Кнульп закашлялся и умолк. Друг внимательно смотрел на него, и минуту-другую оба молчали. Потом Кнульп продолжил:

– Ну вот, теперь ты знаешь эту историю. Все произошло, конечно, не так быстро, как я рассчитывал. Когда я сообщил отцу, что больше не могу и не хочу ходить в латинскую школу, он влепил мне пару затрещин. Выход я нашел не вдруг, подумывал даже подпалить нашу школу. Ребячество, но в главном мне было не до шуток. И в итоге я отыскал единственное решение. Просто стал плохо учиться. Помнишь?

– А ведь и правда, теперь припоминаю. Одно время тебя чуть не каждый день сажали в карцер.

– Да. Я прогуливал уроки, отвечал плохо, домашние задания не выполнял, терял тетрадки, каждый день что-нибудь да случалось, и в конце концов мне понравилось этак развлекаться, и я изрядно досаждал учителям. Все равно ведь латынь и прочее потеряли для меня всякий смысл. Ты знаешь, чутье у меня всегда было хорошее, и если меня увлекало что-то новое, то ничего другого на свете для меня некоторое время вообще не существовало. Так было с гимнастикой, потом с ловлей форели, потом с ботаникой. И точно так же дело обстояло и с девчонками: пока я не перебесился и не приобрел опыт, все остальное значения не имело. Глупо же сидеть на школьной скамье да твердить спряжения, когда втайне все твои чувства увлечены тем, что ты подглядел вчера вечером, когда девчонки купались… Так-то вот! Учителя, наверно, все это замечали, в общем-то они любили меня и старались по возможности щадить, и мои намерения, пожалуй, пошли бы прахом, но вдобавок я завел дружбу с братом Франциски. Он учился в народной школе, в последнем классе, и парень был дрянной; я от него много перенял, правда лишь плохого, и много натерпелся. Через полгода я наконец достиг своей цели, отец избил меня до полусмерти, но из латинской школы я был отчислен, перебрался в народную, в тот же класс, что и брат Франциски.

– А с нею как? С девушкой? – спросил Махольд.

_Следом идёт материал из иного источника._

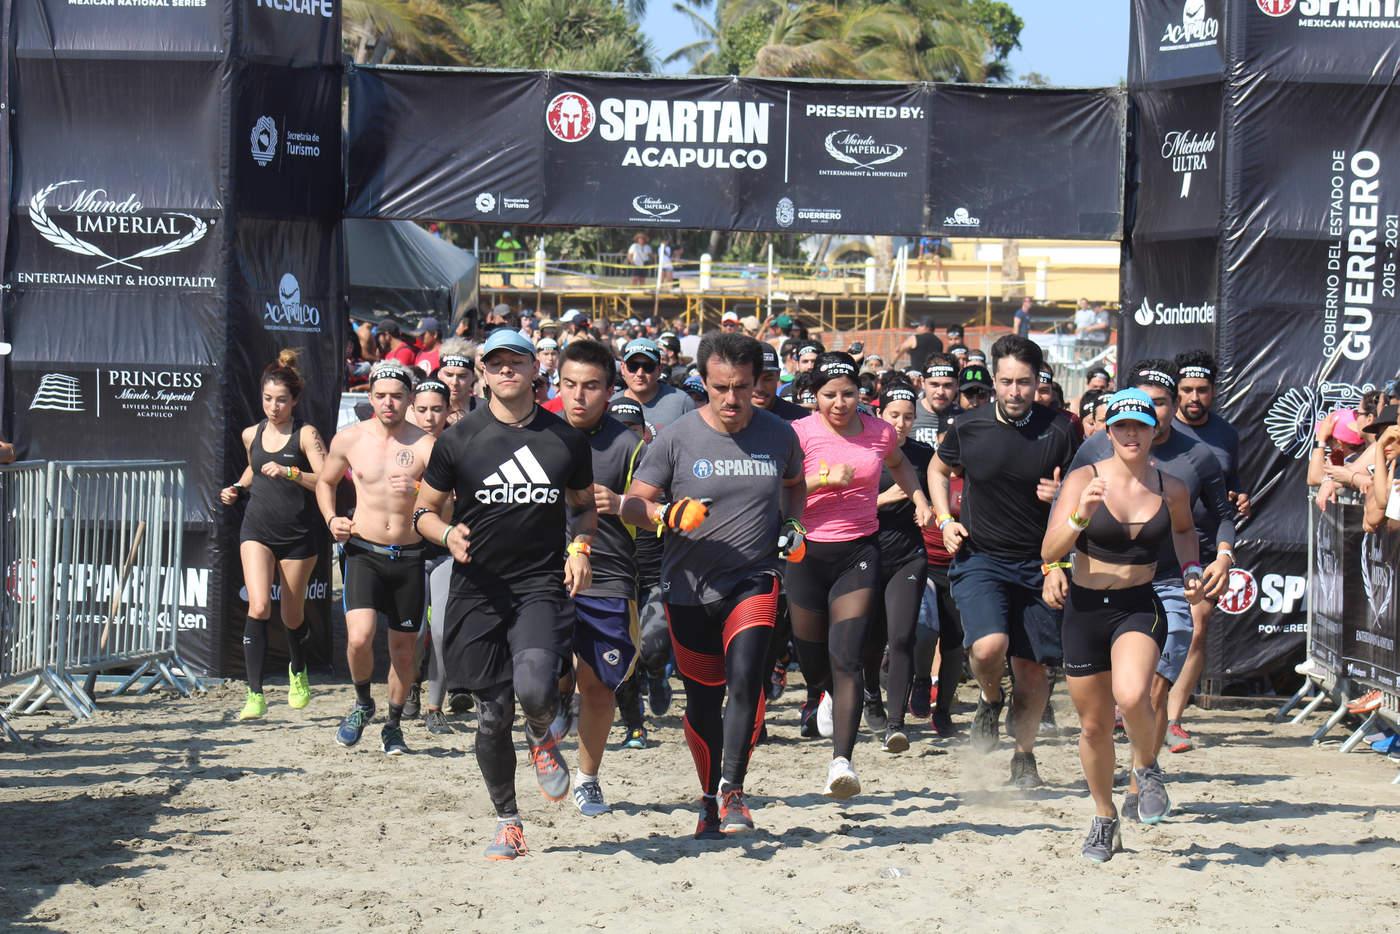 spartan race acapulco princess

– В том-то и беда. Моей подружкой она так и не стала. Теперь я иной раз заходил к ним домой, вместе с ее братом, и с этих пор ее отношение ко мне переменилось в худшую сторону, я словно бы значил для нее все меньше и меньше, но только когда я уже два месяца просидел в народной школе и взял в привычку вечерами тайком удирать из дома, мне открылась правда. Как-то поздним вечером я слонялся по Ридерскому лесу и, как уже не раз, следил за влюбленной парочкой на скамейке, а когда подобрался поближе, увидел, что это Франциска с подмастерьем механика. Они не обращали на меня внимания, он, зажав в руке сигарету, обнимал ее за шею, блузка у нее была расстегнута, словом, сущая мерзость. Так что все оказалось напрасно.

Махольд похлопал друга по плечу.

– Пожалуй, для тебя-то так было лучше.

Но Кнульп энергично тряхнул своей острой головой.

– Вовсе нет. Я бы и теперь руку отдал на отсечение, лишь бы все обернулось иначе. И ни слова о Франциске, я ни в чем ее не виню и другим не позволю. Случись все как полагается, я бы узнал прекрасную, счастливую любовь, и, может статься, это помогло бы мне примириться и с народной школой, и с отцом. Ведь – как бы сказать? – с тех пор у меня были кой-какие друзья, и знакомцы, и товарищи, да и любовные связи, но я уже никому на слово не верил и сам обещаний не давал. Никогда. Жил, как хотел, и в свободе и красоте недостатка не испытывал, но так и остался один.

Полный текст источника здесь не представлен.